Ben büyüklerimle konuştuğumda sizi Halit Kıvanç ile birlikte en yeterli iki spikerden biri olarak gösteriyorlar…

  • Halit Kıvanç, benim ustam. Rahmetle anıyorum onu. Halit Kıvanç ile birlikte demeyelim. Çok şey öğrendim ondan. Biz onun yolundan gitmeye çalışanlarız.

Ama siz de günümüzün kıymetli spikerlerinden biri olan Ertem Şener’i yetiştirenlerden birisiniz.
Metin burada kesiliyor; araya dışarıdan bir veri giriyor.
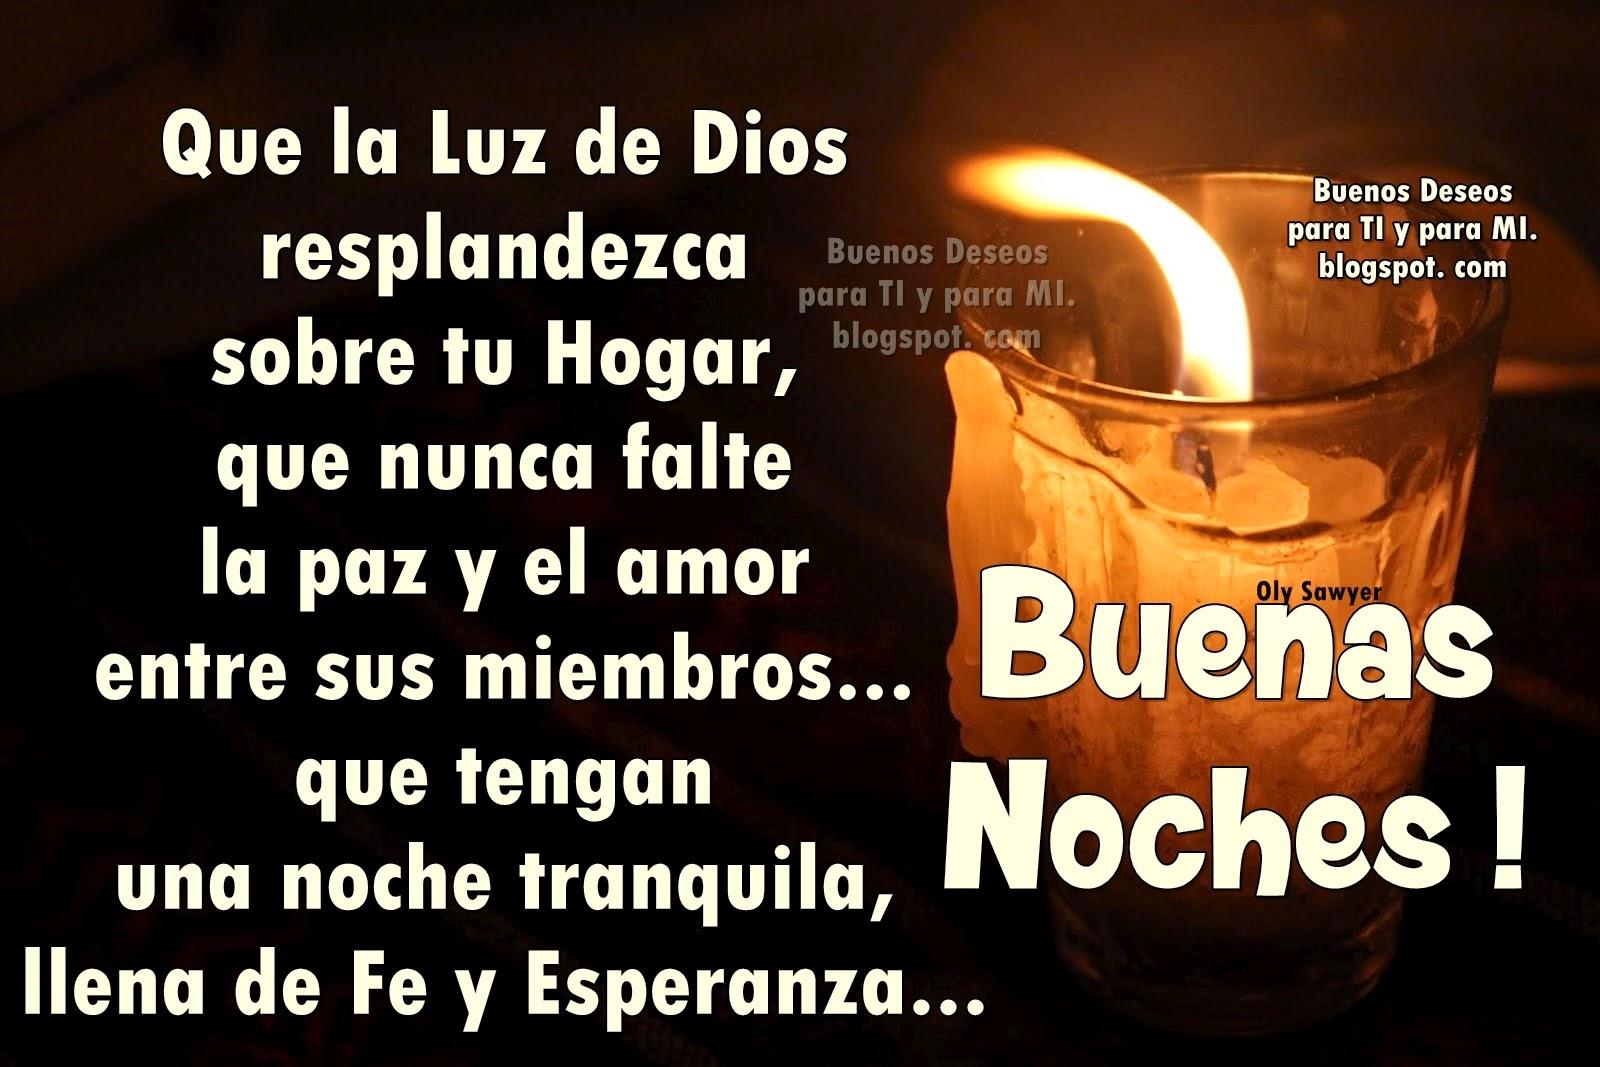 Que la Luz de Dios resplandezca sobre tu Hogar, que nunca falte la paz y el amor entre sus miembros... que tengan una noche tranquila, llena de Fe y Esperanza...  BUENAS NOCHES!

  • Ertem Şener’i yetiştirdim lakin sıfırdan aldık onu. Muğla’da lokal bir televizyonda maçlar seslendiriyordu. Bize bandını gönderdi. Aldık buraya getirip hazırladık. Ve oldu. Lakin çok çabuk uçtu ve çok fazla uçtu. O denli bir hale geldi ki maçın içinde apayrı şeyler anlatmaya başladı. Çok bağırıp çağırmaya başladı ve işin içine çok fazla hamaset kattı. Bence anlatım kalitesi bozuldu. Ses ve tempo olarak yeterli bir malzemeydi lakin kendisini yok etti. Ertem Şener’e çok şey öğretmiş biriyim lakin bugünkü halini ben öğretmedim. Deforme olmuş bir Ertem Şener var. Yoksa Türkiye’nin en değerli spikerlerinden biri olabilirdi.
Ümit Aktan Dünya Kupası’nda En Yeterli 3 Spikeri Seçti Ertem Şener’i Sildi

E-posta adresiniz yayınlanmayacak. Gerekli alanlar * ile işaretlenmişlerdir

Giriş Yap

Giriş Yap

Spor Haber ve Spor Haberleri ayrıcalıklarından yararlanmak için hemen giriş yapın veya hesap oluşturun, üstelik tamamen ücretsiz!